Now, the mid-September release has been cancelled. NBC’s Andrea Mitchell reported that its evidence was lacking. Then the Sunday Times of London reported that "Britain and America have decided to delay indefinitely the publication of a full report on Iraq’s weapons of mass destruction after inspectors found no evidence that any such weapons exist." Sify.com (India) re-produced the Times report, but it hasn’t been a subject in our press, as of yet.

Exit Strategy? The most conservative Weekly Standard (Reuel Marc Gerecht, 9/22) posits that there is an exit strategy: Though far from fine-tuned, the Bush administration has finally developed an exit strategy for Iraq. The strategy has two prongs. Through the State Department, the administration will seek to "internationalize" the forces of occupation by obtaining a new U.N. Security Council resolution that would "authorize" Turks, Pakistanis, Bangladeshis, Moroccans, Indians, and even the French to send their troops. Concurrently through the Defense Department, it will strive to create larger all-Iraqi police and military forces that can work together with--and ideally replace--American soldiers who battle former Baathists, militant Sunni fundamentalists, and foreign jihadists. The approaches are complementary and separable: No matter what happens in the Security Council, the Pentagon will increasingly hand off internal security to the natives, sooner rather than later.

Venezuela: Not yet!
The “recall” effort to oust President Hugo Chavez failed, as election authorities threw out an opposition petition for a referendum on ending his rule.
The National Elections Council ruled Friday that opponents violated Venezuela's Constitution by conducting the petition drive before the midpoint of Chavez's six-year term Aug. 19. Organizers collected more than 3 million signatures.
So, as was true in regards to Chile and Allende in 1970, Washington will work on other schemes to displace Chavez.
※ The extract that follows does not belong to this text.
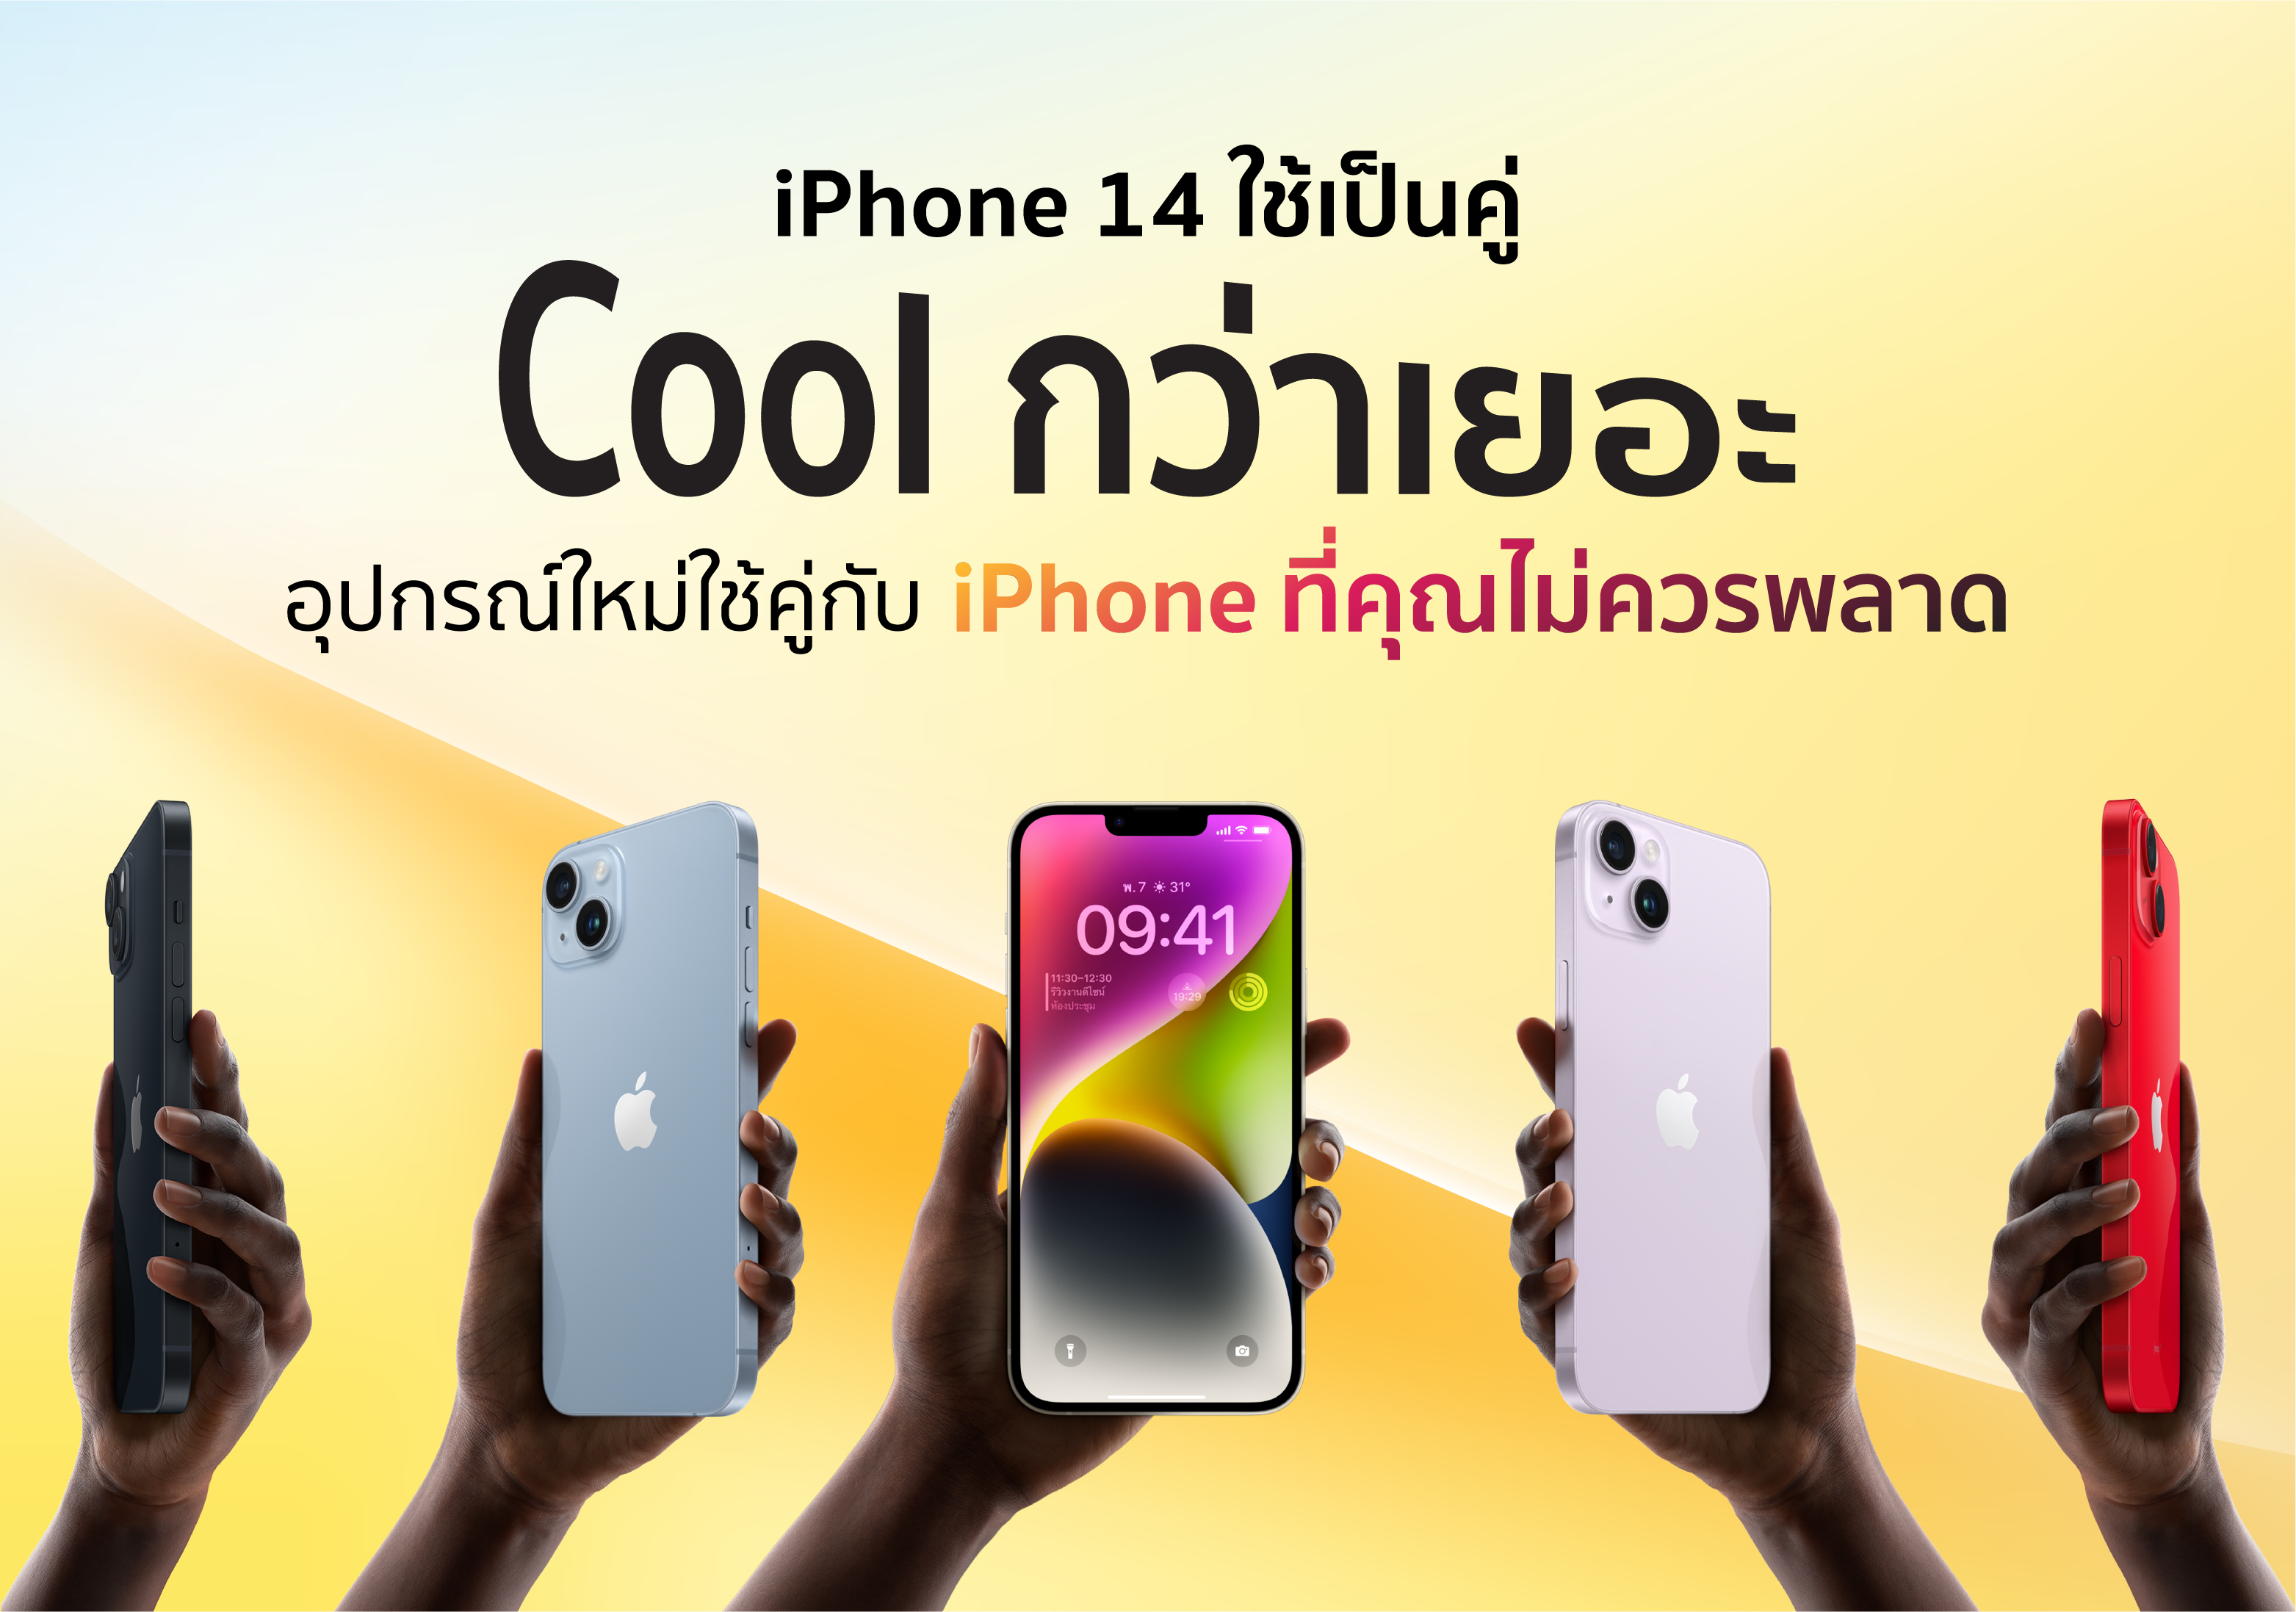 iPhone 14 ใช้เป็นคู่ Cool กว่าเยอะ แนะนำอุปกรณ์คู่กับ iPhone ที่ของมันต้องมี 

Perspective, via Jeffrey Sachs (Earth Institute, Columbia U.):
He’s been on NPR and in Saturday’s Globe. He calls for us to leave Iraq in multi-national hands. For those in missed- [http://www.boston.com/news/globe/editorial_opinion/oped/articles/2003/09/13/a_better_use_for_our_87b?mode=PF]
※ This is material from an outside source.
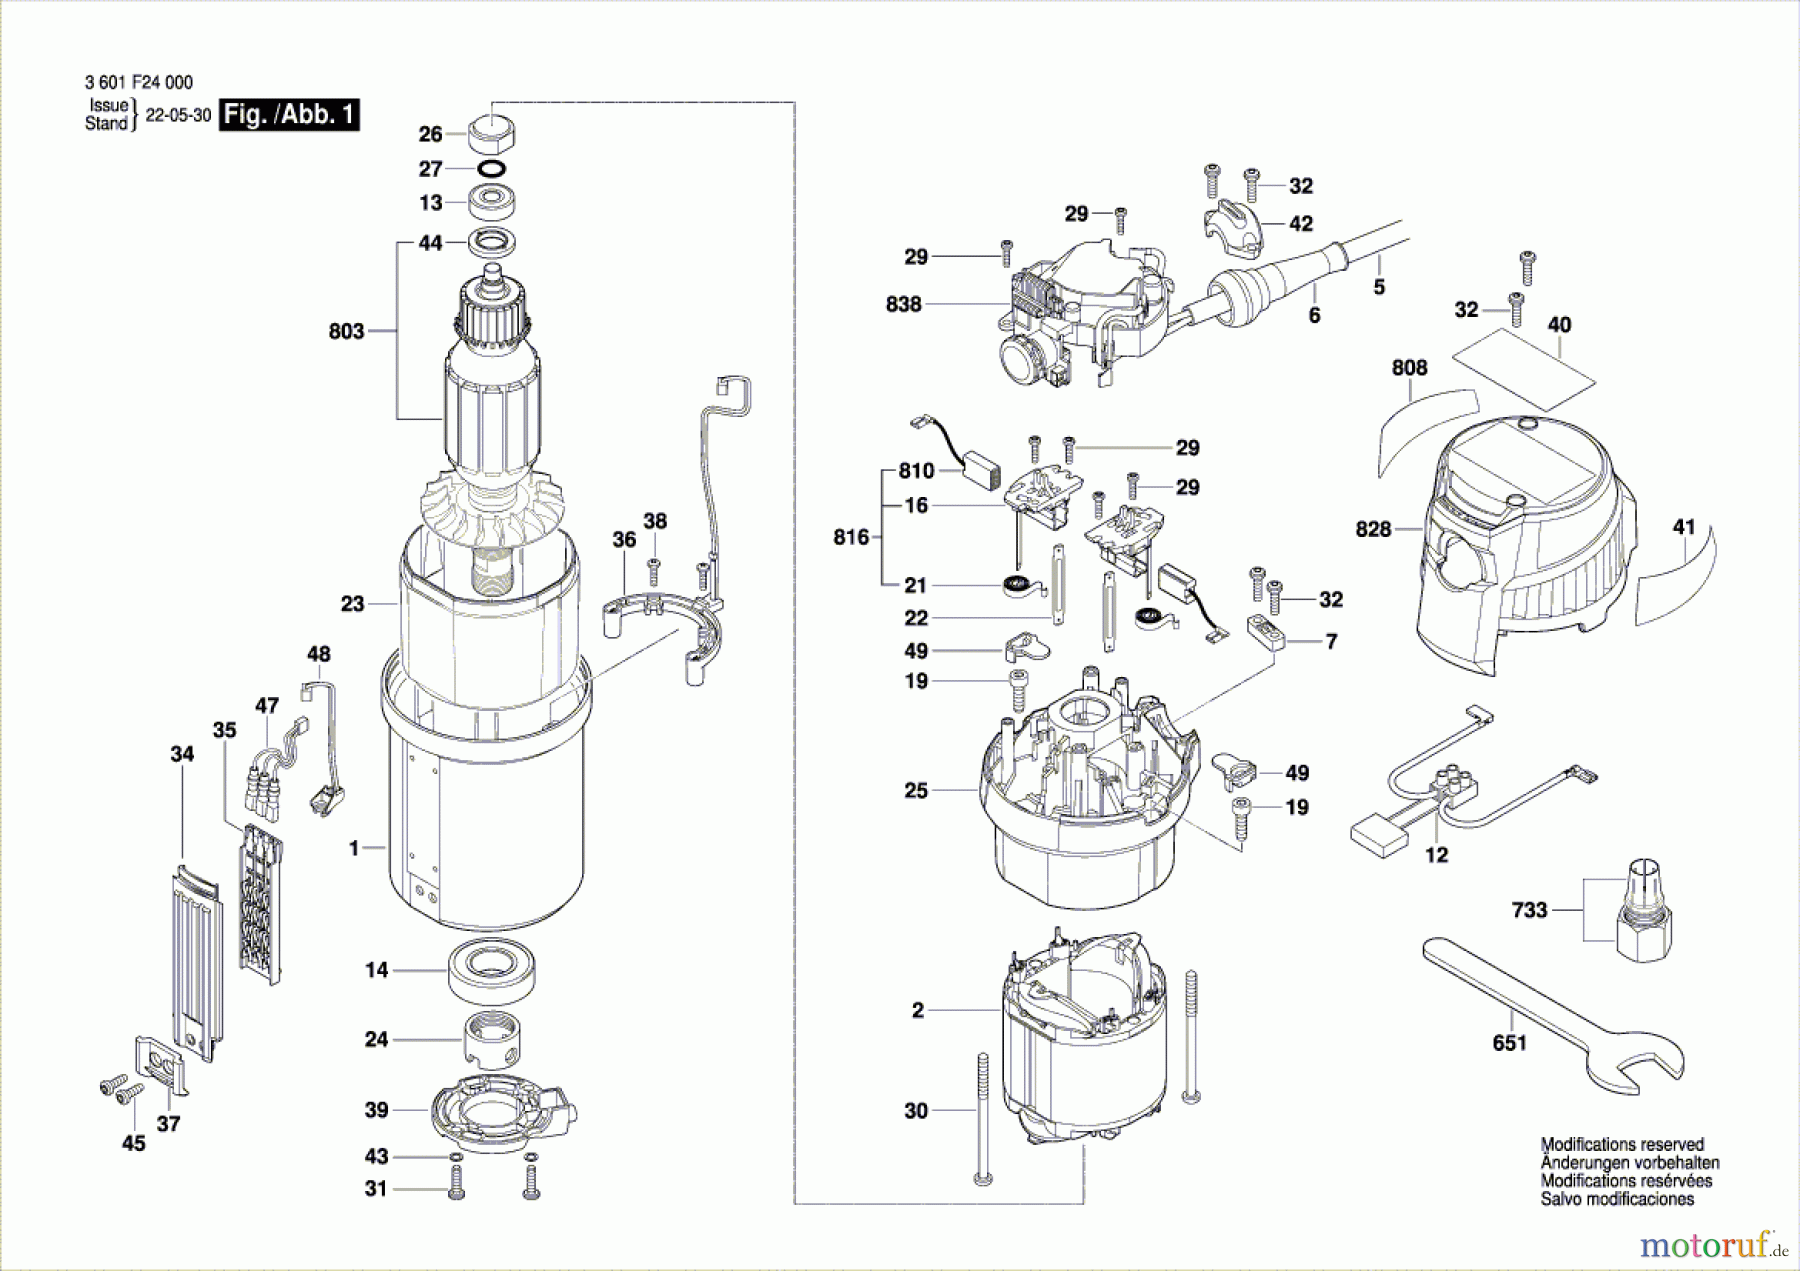  Bosch Werkzeug Oberfräse GOF 1600 CE Seite 1

This year Bush asked for only $200 million for the Global Fund to Fight AIDS, TB, and Malaria, a sum equal to 1.5 days of spending on the US occupying forces in Iraq. The US annual contributions to fight malaria are less than the costs of one day’s occupation, and as a result, 3 million Africans will die needlessly from that preventable and treatable disease. But who is talking about $87 billion for the 30 million Africans dying from the effects of HIV/AIDS, or the children dying of malaria, or the 15 million AIDS orphans, or the dispossessed of Liberia and Sierra Leone, or the impoverished children of America without medical insurance?